■ Exercise requirements: Locate the line that contains "Katharine Hamnett - 100%" in the entries below, then repeat it and every following line through the line that contains "Xiao Long Bao - Soup Dumplings at Caterking", exactly, and no others.

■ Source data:
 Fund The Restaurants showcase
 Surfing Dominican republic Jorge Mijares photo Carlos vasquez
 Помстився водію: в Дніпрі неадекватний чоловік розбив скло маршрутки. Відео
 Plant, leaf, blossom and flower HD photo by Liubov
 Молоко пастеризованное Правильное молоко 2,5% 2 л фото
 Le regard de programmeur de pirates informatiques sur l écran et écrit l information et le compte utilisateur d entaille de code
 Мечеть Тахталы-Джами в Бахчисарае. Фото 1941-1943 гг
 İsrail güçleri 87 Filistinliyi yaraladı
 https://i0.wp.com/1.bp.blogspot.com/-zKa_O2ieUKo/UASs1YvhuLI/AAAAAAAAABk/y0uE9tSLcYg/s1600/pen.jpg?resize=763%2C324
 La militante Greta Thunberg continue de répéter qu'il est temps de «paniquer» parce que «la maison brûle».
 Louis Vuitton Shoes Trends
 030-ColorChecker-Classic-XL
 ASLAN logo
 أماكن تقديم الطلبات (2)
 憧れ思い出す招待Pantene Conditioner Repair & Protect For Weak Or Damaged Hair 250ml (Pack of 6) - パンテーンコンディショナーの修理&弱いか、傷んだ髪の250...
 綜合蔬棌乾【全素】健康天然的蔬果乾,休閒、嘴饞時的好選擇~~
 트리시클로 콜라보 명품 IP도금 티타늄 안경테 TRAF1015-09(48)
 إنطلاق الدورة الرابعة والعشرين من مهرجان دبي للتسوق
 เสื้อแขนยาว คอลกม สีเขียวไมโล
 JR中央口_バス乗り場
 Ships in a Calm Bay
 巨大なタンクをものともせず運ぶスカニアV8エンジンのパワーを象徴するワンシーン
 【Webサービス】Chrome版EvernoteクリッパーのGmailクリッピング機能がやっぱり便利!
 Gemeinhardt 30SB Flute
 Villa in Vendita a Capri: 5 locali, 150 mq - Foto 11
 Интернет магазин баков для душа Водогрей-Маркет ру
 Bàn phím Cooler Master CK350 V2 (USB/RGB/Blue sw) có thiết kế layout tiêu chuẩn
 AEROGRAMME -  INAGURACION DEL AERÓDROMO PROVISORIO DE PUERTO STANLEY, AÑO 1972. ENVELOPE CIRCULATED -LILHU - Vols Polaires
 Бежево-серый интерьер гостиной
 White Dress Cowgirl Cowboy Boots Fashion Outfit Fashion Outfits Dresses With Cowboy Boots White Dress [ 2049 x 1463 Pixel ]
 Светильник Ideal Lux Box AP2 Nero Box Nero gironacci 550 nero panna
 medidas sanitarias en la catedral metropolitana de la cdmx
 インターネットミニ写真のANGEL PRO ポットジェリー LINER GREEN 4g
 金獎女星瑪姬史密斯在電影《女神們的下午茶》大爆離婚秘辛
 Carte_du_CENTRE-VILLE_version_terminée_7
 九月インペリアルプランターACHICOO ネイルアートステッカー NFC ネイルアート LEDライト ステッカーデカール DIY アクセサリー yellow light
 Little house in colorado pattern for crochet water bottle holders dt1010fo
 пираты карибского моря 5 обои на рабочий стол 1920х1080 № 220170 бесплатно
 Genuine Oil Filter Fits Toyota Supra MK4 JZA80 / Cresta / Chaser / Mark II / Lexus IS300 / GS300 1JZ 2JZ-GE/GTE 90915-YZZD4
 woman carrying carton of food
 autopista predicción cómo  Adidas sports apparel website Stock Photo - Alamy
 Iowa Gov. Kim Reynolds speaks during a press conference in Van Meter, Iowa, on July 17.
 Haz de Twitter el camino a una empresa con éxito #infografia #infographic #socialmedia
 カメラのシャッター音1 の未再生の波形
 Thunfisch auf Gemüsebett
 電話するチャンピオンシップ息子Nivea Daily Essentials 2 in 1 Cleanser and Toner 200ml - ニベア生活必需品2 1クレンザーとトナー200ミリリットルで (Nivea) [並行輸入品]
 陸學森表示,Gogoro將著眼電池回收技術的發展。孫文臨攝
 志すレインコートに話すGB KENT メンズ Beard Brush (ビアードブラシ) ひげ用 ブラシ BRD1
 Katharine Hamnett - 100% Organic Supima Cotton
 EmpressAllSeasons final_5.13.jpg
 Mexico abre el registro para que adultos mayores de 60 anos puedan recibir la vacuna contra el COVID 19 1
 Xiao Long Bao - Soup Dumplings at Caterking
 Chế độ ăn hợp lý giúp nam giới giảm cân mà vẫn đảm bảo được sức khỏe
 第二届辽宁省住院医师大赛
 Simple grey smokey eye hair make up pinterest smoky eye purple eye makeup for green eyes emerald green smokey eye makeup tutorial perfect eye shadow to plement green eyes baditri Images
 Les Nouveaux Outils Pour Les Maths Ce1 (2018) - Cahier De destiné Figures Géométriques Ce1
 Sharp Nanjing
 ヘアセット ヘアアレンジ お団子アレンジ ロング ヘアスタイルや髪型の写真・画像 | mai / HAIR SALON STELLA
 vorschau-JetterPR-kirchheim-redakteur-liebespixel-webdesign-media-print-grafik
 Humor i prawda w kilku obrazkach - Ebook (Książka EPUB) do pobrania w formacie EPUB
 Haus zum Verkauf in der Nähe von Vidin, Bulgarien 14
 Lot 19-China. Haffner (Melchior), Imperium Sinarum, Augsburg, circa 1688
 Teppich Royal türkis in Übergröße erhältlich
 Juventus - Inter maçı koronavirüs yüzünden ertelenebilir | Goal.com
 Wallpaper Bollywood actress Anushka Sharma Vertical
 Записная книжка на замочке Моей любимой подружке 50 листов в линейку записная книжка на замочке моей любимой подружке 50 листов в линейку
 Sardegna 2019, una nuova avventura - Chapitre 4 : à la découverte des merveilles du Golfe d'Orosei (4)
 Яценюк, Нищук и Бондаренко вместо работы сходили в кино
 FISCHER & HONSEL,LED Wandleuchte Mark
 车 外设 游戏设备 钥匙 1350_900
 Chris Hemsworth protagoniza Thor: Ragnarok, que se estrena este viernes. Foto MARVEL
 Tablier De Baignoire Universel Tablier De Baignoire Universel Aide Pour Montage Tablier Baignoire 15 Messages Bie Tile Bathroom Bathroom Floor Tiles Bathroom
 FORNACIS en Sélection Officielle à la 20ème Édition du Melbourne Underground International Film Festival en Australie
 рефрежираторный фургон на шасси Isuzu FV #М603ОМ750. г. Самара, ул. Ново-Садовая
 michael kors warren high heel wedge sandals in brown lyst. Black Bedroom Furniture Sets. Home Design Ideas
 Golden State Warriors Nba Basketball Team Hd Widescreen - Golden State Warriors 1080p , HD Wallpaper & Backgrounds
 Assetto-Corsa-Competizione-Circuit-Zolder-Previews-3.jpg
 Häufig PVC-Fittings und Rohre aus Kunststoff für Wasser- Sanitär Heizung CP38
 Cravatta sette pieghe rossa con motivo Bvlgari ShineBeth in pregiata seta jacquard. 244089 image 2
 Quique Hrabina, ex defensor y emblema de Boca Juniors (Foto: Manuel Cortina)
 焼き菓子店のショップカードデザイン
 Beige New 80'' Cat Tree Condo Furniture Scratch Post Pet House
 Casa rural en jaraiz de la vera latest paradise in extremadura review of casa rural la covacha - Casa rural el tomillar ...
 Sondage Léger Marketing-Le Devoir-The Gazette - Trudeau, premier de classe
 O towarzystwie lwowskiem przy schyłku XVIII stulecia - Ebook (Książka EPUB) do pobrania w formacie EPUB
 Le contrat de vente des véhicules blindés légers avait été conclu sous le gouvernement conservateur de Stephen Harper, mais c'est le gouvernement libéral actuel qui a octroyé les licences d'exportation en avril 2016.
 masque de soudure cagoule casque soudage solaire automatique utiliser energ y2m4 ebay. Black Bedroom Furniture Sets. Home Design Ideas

■ Result of this exercise:
 Katharine Hamnett - 100% Organic Supima Cotton
 EmpressAllSeasons final_5.13.jpg
 Mexico abre el registro para que adultos mayores de 60 anos puedan recibir la vacuna contra el COVID 19 1
 Xiao Long Bao - Soup Dumplings at Caterking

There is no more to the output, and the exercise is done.